Distributed architecture efficiency and scalability testing

While ensuring the model’s technical advantages, its engineering feasibility must also be validated. The study primarily tests the decision efficiency and communication overhead of GESAC under different network topology scales, assessing its scalability limit. The results are shown in Fig. 10:

As shown in Fig. 10, the distributed architecture of GESAC demonstrates notable engineering value in terms of both efficiency and scalability. In tests where the network size was scaled from 100 to 100,000 nodes, the per-step decision latency increased from 4.2 µs to 25.6 µs, exhibiting a sub-linear growth trend. This ensures millisecond-level control responsiveness even in ultra-large-scale optical network environments. In terms of communication overhead, GESAC’s federated architecture effectively reduces load through local feature aggregation within subdomains and inter-domain gradient sharing. Compared to the centralized architecture’s 3288.7 MB per cycle, GESAC achieves a communication cost of only 1389.5 MB in a 100,000-node, 500-subdomain scenario—a reduction consistently maintained between 57.2% and 57.9%. Additionally, the scalability slope is controlled within a range of 1.2 to 2.0 MB per subdomain, indicating that communication growth remains linearly manageable with increasing subdomain numbers and avoids the bandwidth bottlenecks typical of centralized scheduling. At a deeper level, GESAC leverages a federated game-theoretic equilibrium mechanism to decouple collaboration and resource isolation across subdomains. This design enables each subdomain to operate independently while maintaining global awareness of topological dynamics, thereby enhancing the adaptability of cross-domain resource scheduling. Overall, the architecture delivers three key advantages—low latency, low bandwidth dependency, and high scalability—making it well-suited for online access control deployment in large-scale decomposed optical networks.

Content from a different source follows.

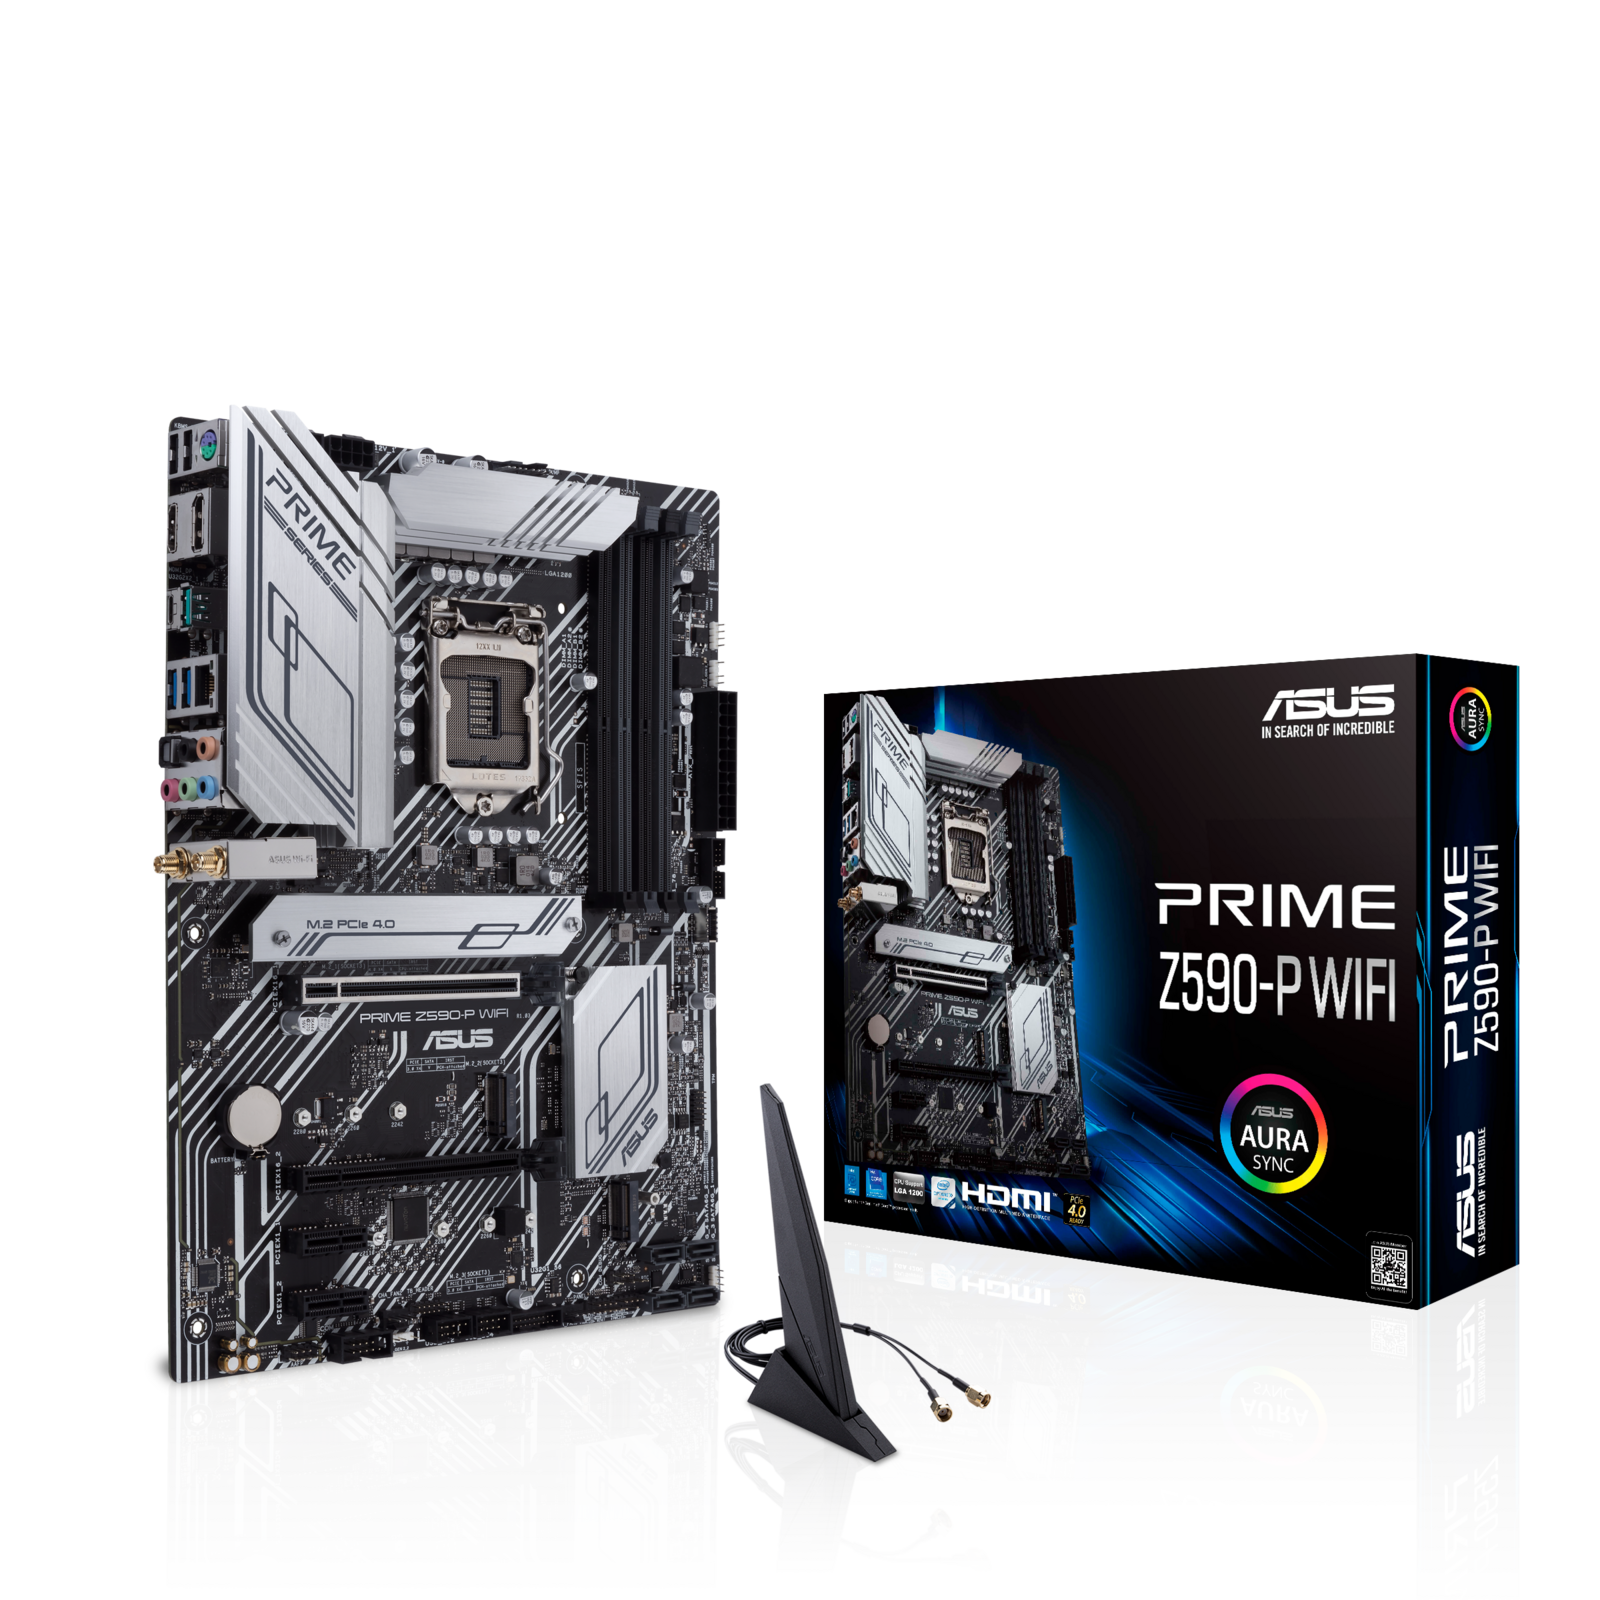 ASUS PRIME Z590-P WIFI Intel Z590 (LGA 1200) ATX motherboard with PCIe 4.0, 3xM.2 Slots HDMI, DisplayPort, SATA 6 Gbps, 2.5 Gb Ethernet, WIFI6, RGB

Mininet optical dataset validation

To further evaluate GESAC’s adaptability under realistic network transmission delays, the Mininet Optical simulator was introduced to construct an emulated optical network environment. A portion of dynamically preprocessed topological data from GESAC was imported to simulate light-path switching and access behaviors across network sizes ranging from 50 to 500 nodes. Attack events were extracted from the original CIC-IDS dataset and injected into link traffic streams through mapping-based techniques. In the simulation, GESAC was deployed as an edge control strategy, communicating with Mininet’s control plane via REST APIs. This setup enabled policy synchronization within the federated learning framework while executing local access control actions. Using iperf and tc commands, key performance metrics—including transmission latency, jitter, and FPR—were measured under various attack and traffic load conditions. These were further analyzed in conjunction with wavelength allocation results. The outcomes are summarized in Table 8:

Table 8.

Validation results of GESAC on the mininet optical dataset.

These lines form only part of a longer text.